Like I said, it's a pretty insane list that's full of a large variety of books that I can't wait to dive into!

Happy reading!


Friday, May 23, 2014

Bout of Books 10.0 Wrap Up!

Hey guys! So I know this is pretty late, but I figured I'd do my wrap up from the Bout of Books 10.0 Read-a-Thon last week. I had a lot of fun reading! Since this was my first week-long read-a-thon, and second read-a-thon ever, I definitely think I can tweak some things to make the next read-a-thon easier. That being said, I really did enjoy myself and got a lot of reading done, so I'm happy with the overall experience =] Now onto the books! I came into the read-a-thon already reading two books (Cress & Nine Stories), and started more as the week went on. I didn't really stick to my TBR list. I'm going to try and make this as understandable as possible, but I may just even confuse myself! ;P



Books Read:

Cress by Marissa Meyer: 332 (had previously read up to page 218/550, finished on Day 3)
Nine Stories by J.D. Salinger: 131 (had previously read up to page 78/209, finished on Day 2)
The Wonderful Land of Oz by L. Frank Baum (Includes The Wonderful Wizard of Oz, The Land of Oz, and Ozma of Oz): 637/761 (finished the first two books)
An Abundance of Katherines by John Green: 225/225 (finished on Day 6)
I Heard That Song Before by Mary Higgins Clark: 37/480
An Expotition to the North Pole by A. A. Milne: 27/27

I hope this makes sense! It doesn't seem like I finished that many books, but I sure did experience a whole bunch. 

Total pages read: 1389
Books Completed: 6
Books Started: 2





Friday, May 16, 2014

Day #5 Update ( aka the slacker update)

Gahhhhhhhhhhhhhhh. Slacker. Just call me a slacker. More like an update slacker but still. 

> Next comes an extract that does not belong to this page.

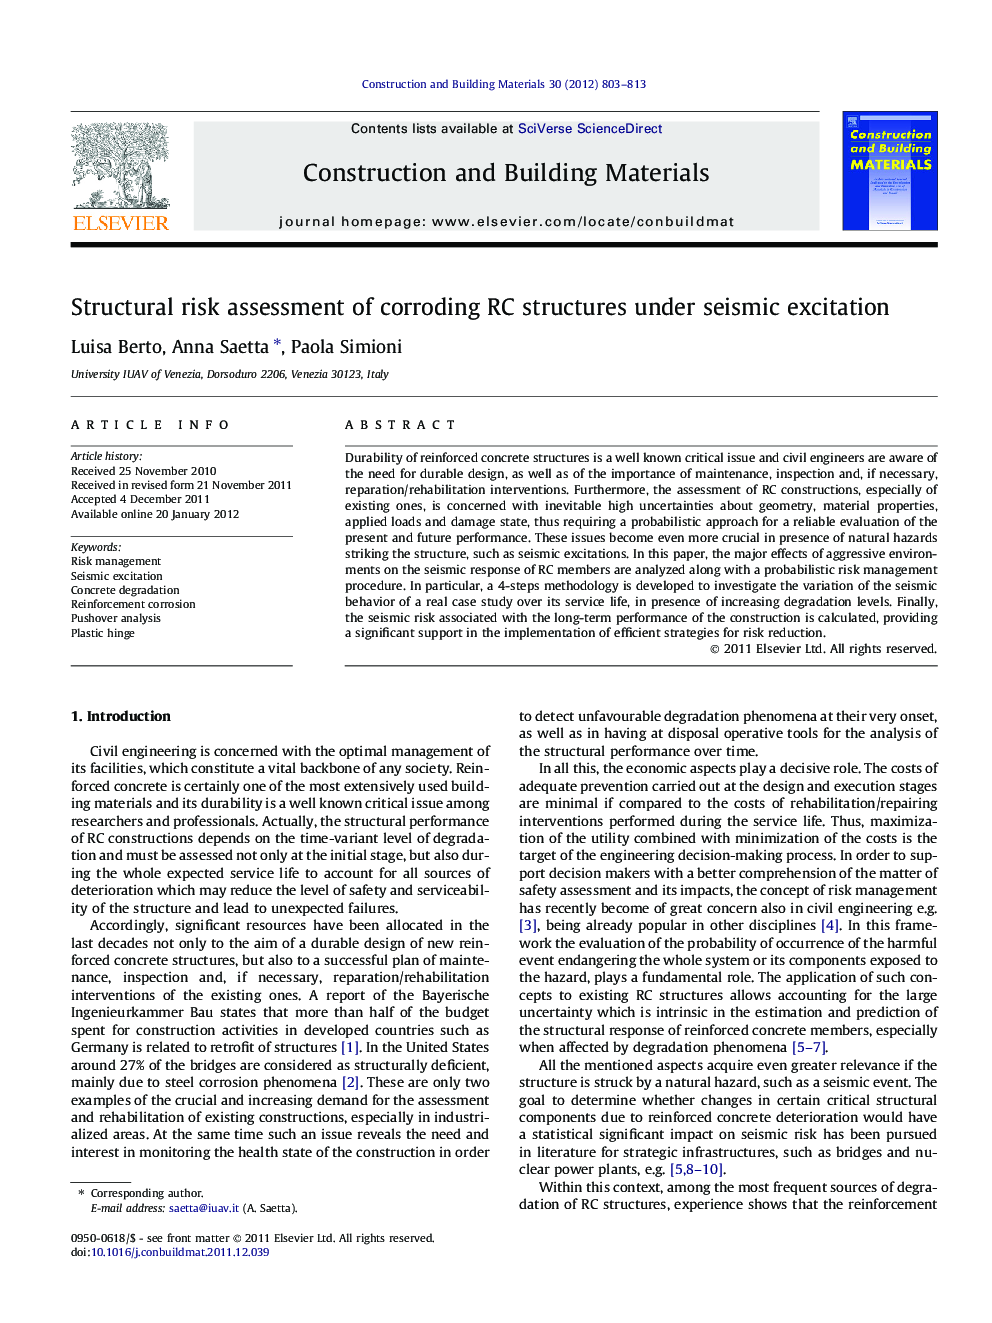 Structural risk assessment of corroding RC structures under seismic excitation

I'm just going to do a quick update because I want to get back to reading, but here is my progress so far. It's just an overall progress because I'm sure I documented my daily progress somewhere but don't really feel like locating it at this time. So yeah. Anyway, here it goes:

Pages read: 996 .. that's slightly disappointing. Just short of 1,000. Comeon.
Books Completed: 1. Started before Bout of Books: 2
2. Started After Bout of Books: 2

Books Experienced:
Nine Stories by J.D. Salinger
Cress by Marissa Meyer
The Wonderful Land of Oz by L. Frank Baum
a. The Wonderful Wizard of Oz by L. Frank Baum
b. The Land of Oz by L. Frank Baum

In Progress:
I've Heard That Song Before by Mary Higgins Clark (page 46/480)

Books to Start:
An Abundance of Katherines by John Green
Ozma of Oz by L. Frankn Baum
Clockwork Angel by Cassandra Clare

I'm going to try and get through my "In Progress" book by Sunday night as well as the book by the wonderful Mr. John Green. We'll see how that goes. Oh and I also want to finish the last Oz book in this collection because there are three books in one big book if that makes any sense. Yeah.